Raising awareness of seafood sustainability is particularly important in New England, where many people make their living off of the ocean’s bounty. “New England is really a hotbed for fishery issues,” Tausig said. “And any negative messages that come from the media [in the United States] traditionally focus on some of the challenges we face in New England.”

However, choosing sustainably raised or caught seafood helps support healthy oceans by supporting best practices in both fishing and aquaculture.

The species selected by the New England Aquarium for the Blue Plate Special project are Alaska pollock, Alaska salmon, Atlantic deep sea red crab, Atlantic mackerel, U.S.-farmed bay scallops, U.S.-farmed catfish, farmed clams, Dungeness crab, U.S.-farmed kelp, long-fin squid, market squid, farmed mussels, farmed oysters, Pacific sardines, redfish, sablefish, U.S.-farmed or wild striped bass and wreckfish.

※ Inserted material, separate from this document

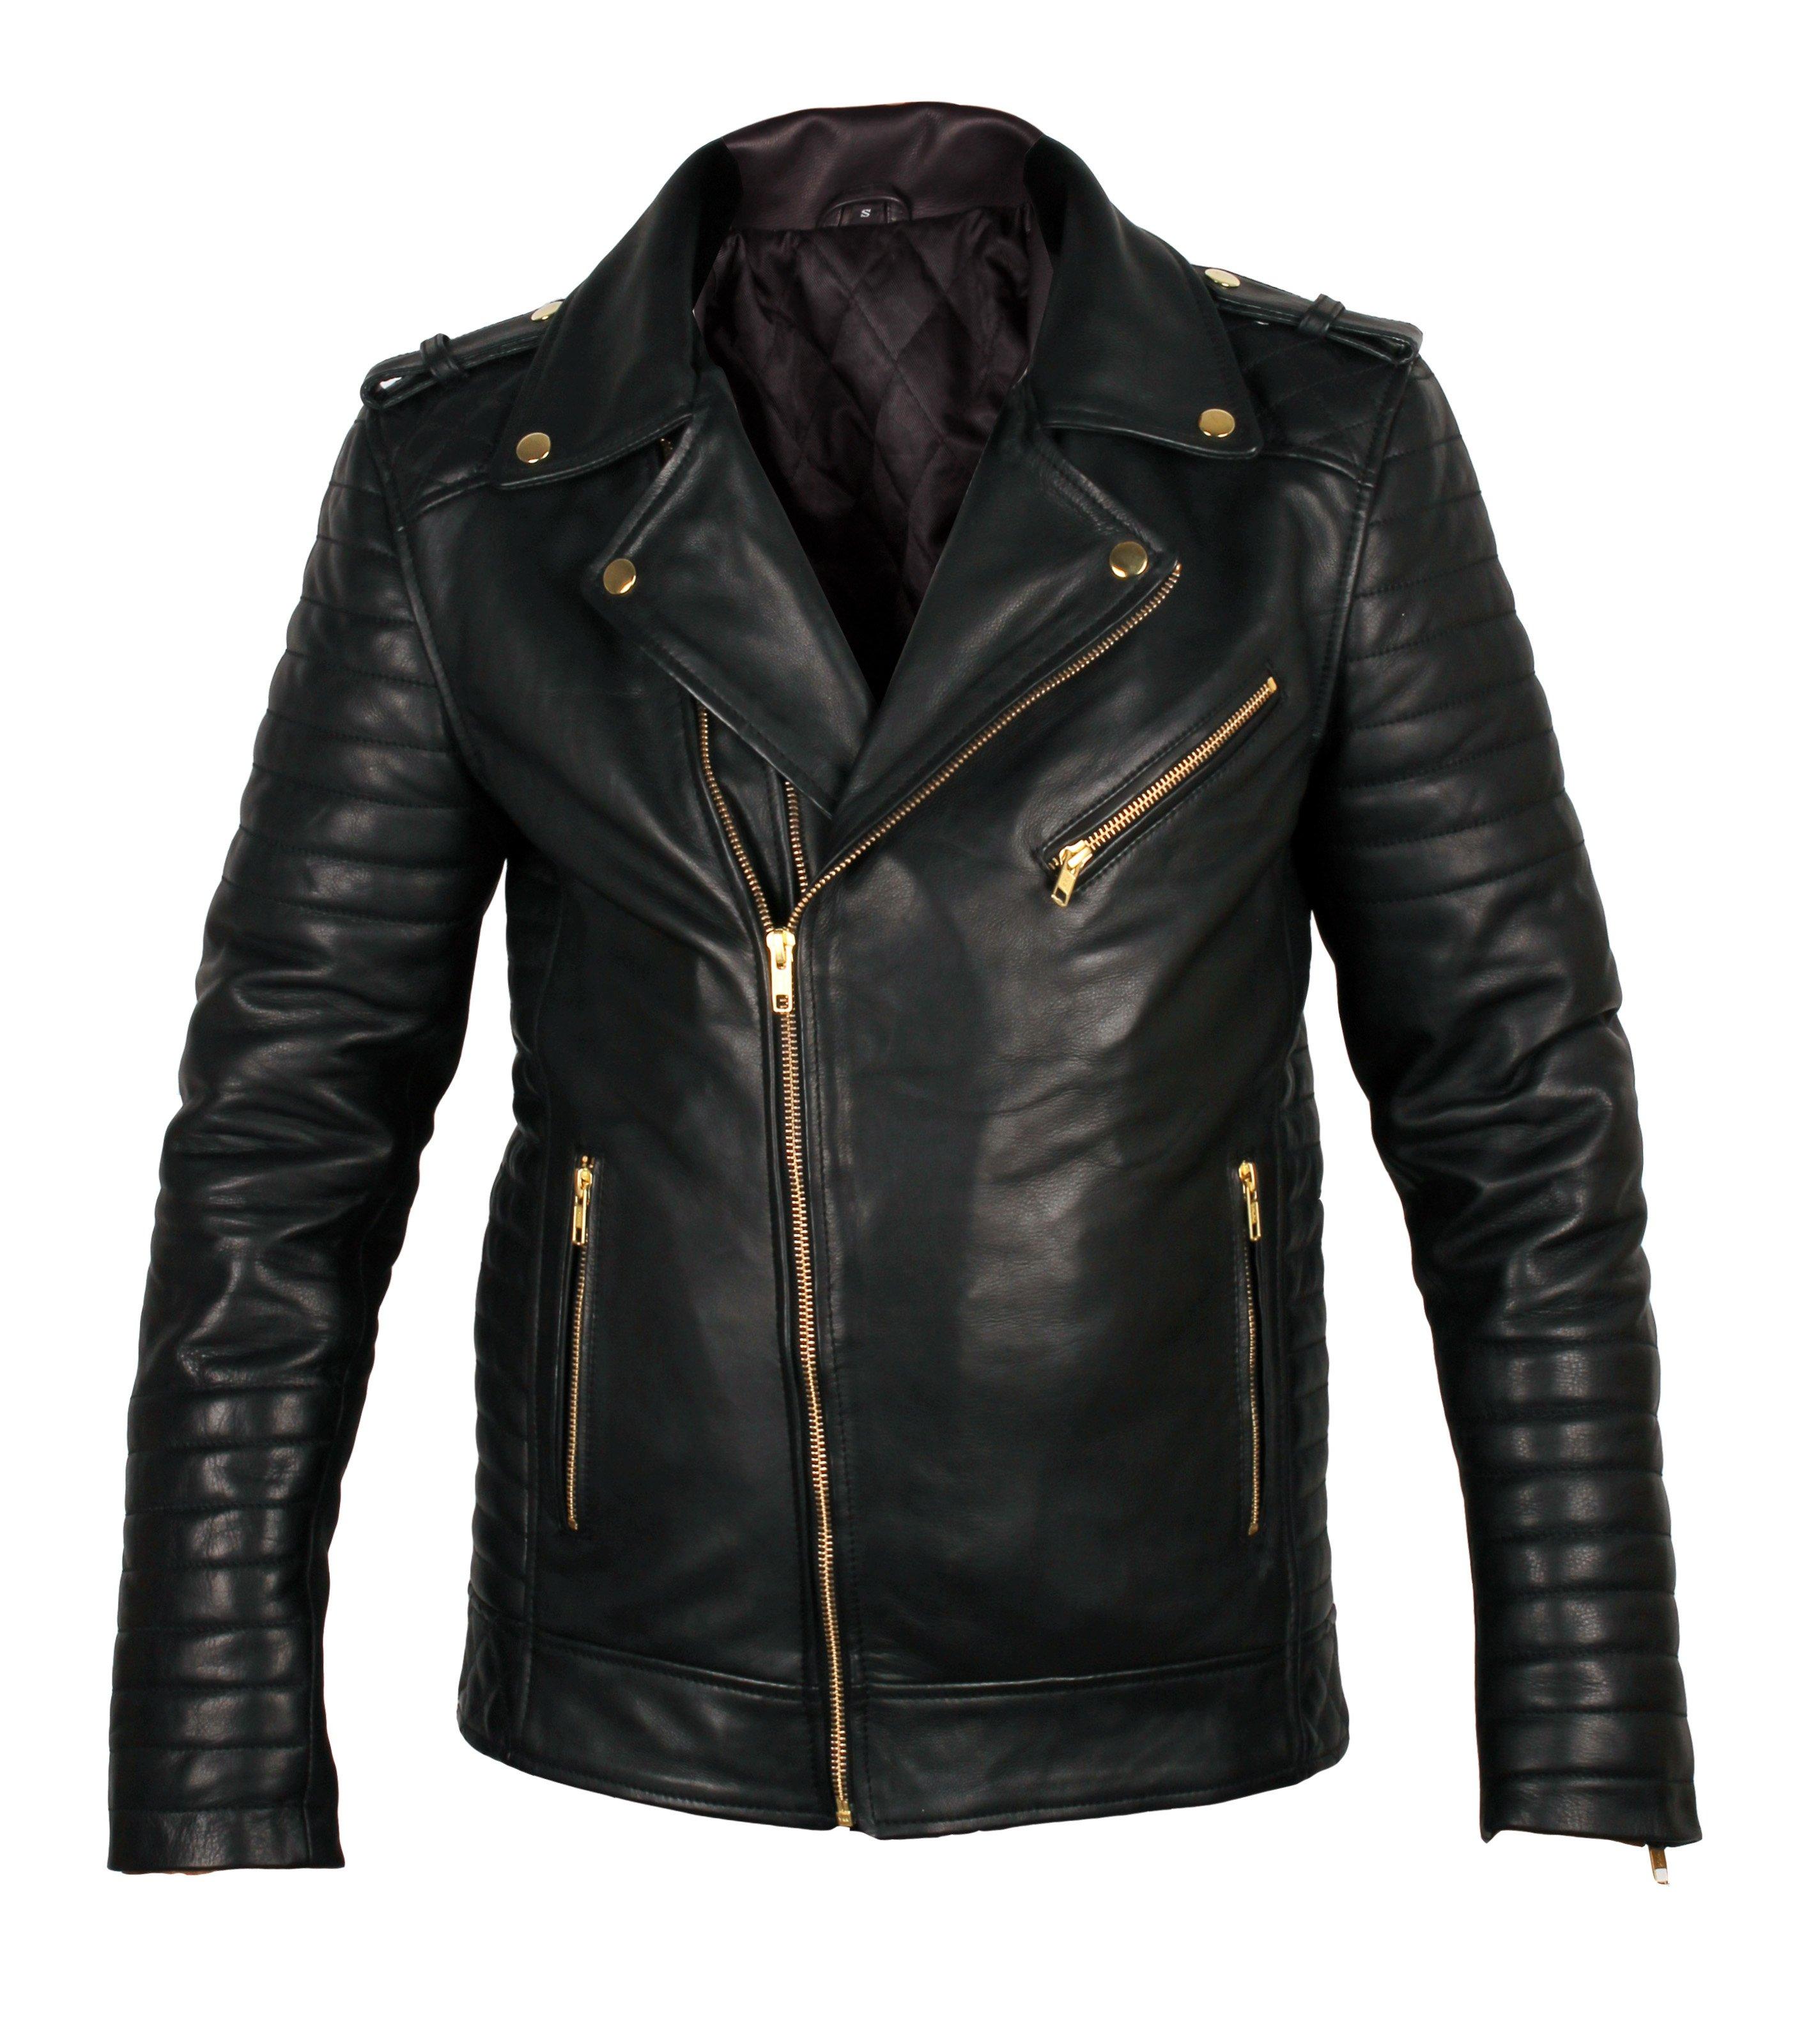 35f045818 Black Biker leather jacket for mens, Mens fashion leather jacket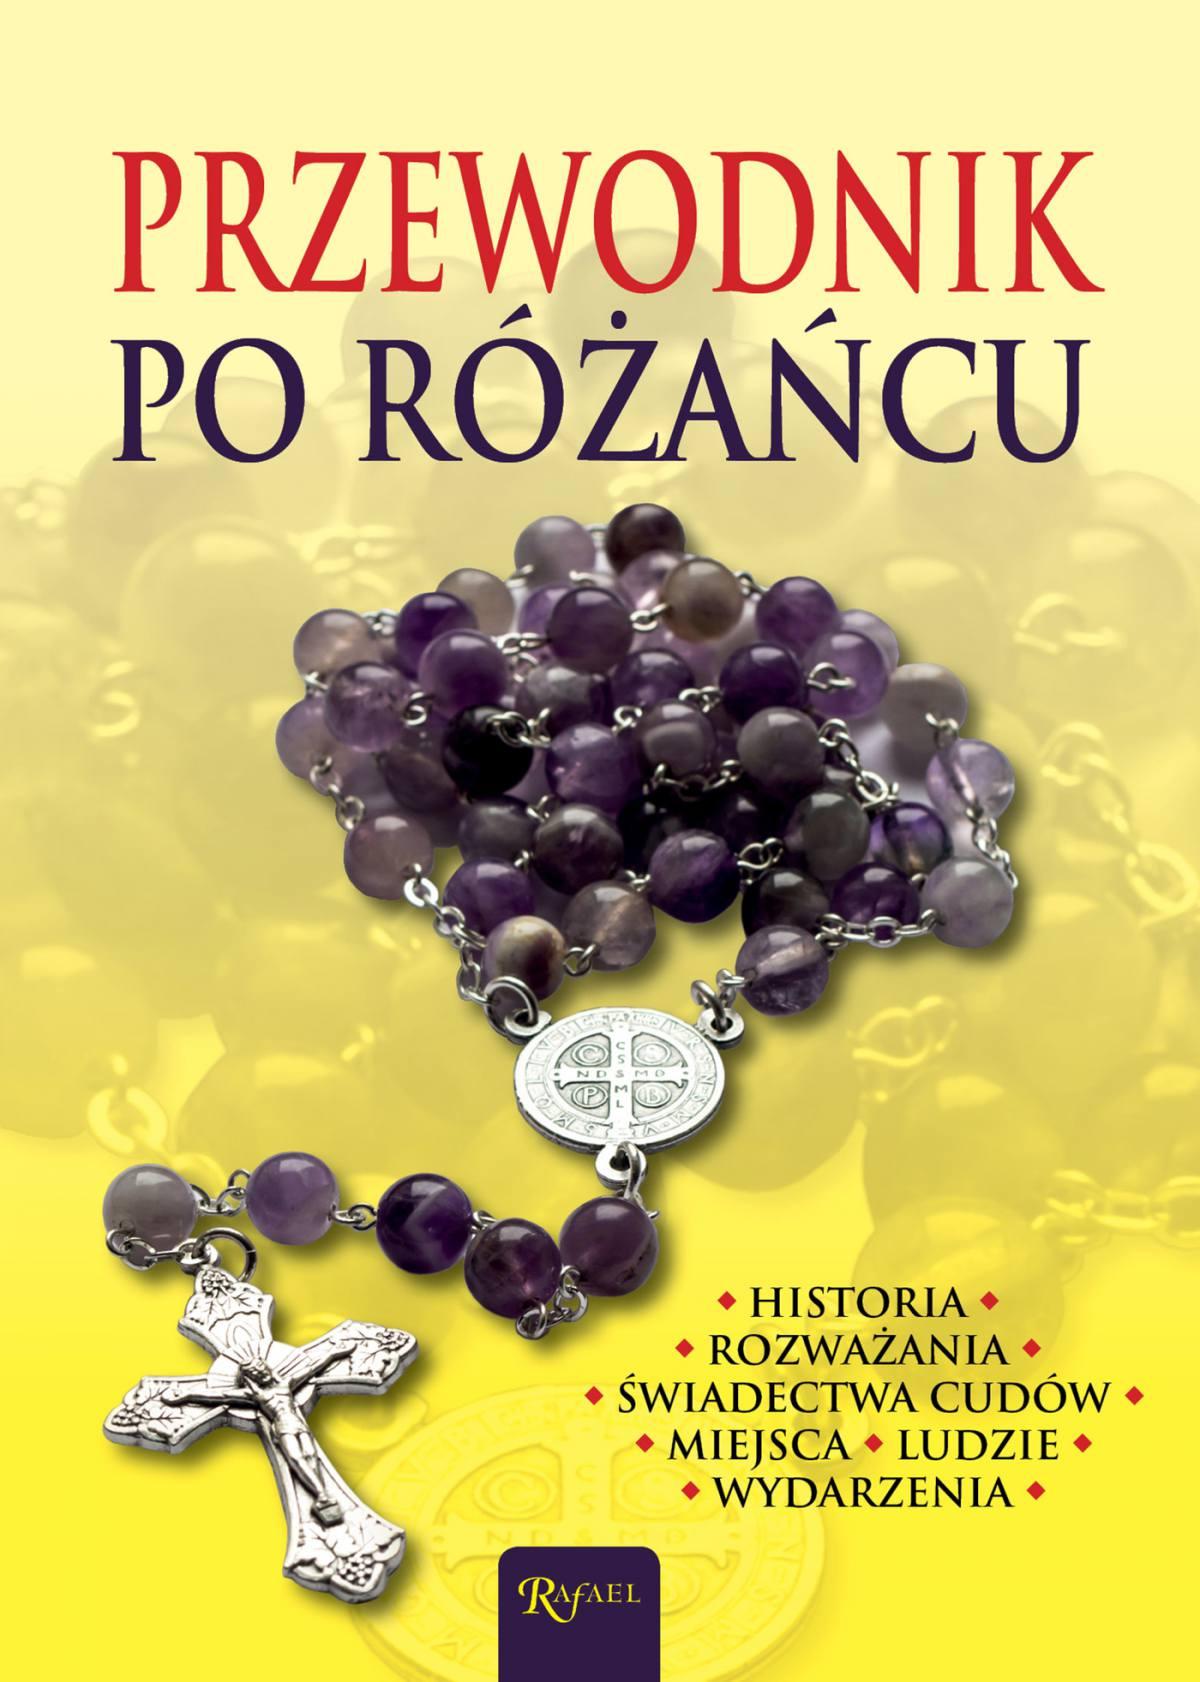 Przewodnik po różańcu - Ebook (Książka PDF) do pobrania w formacie PDF

Tausig said the species being highlighted range from domestic to international and include wild and farmed species, “because we see great choices in all of those. I think that’s an important message we’re trying to communicate.”

So is highlighting success stories, she noted, such as the rebounding of species such as striped bass.

“It’s a lot of work, but it’s exciting to be doing things that are important to the health of the oceans and the human communities that are dependent on them.”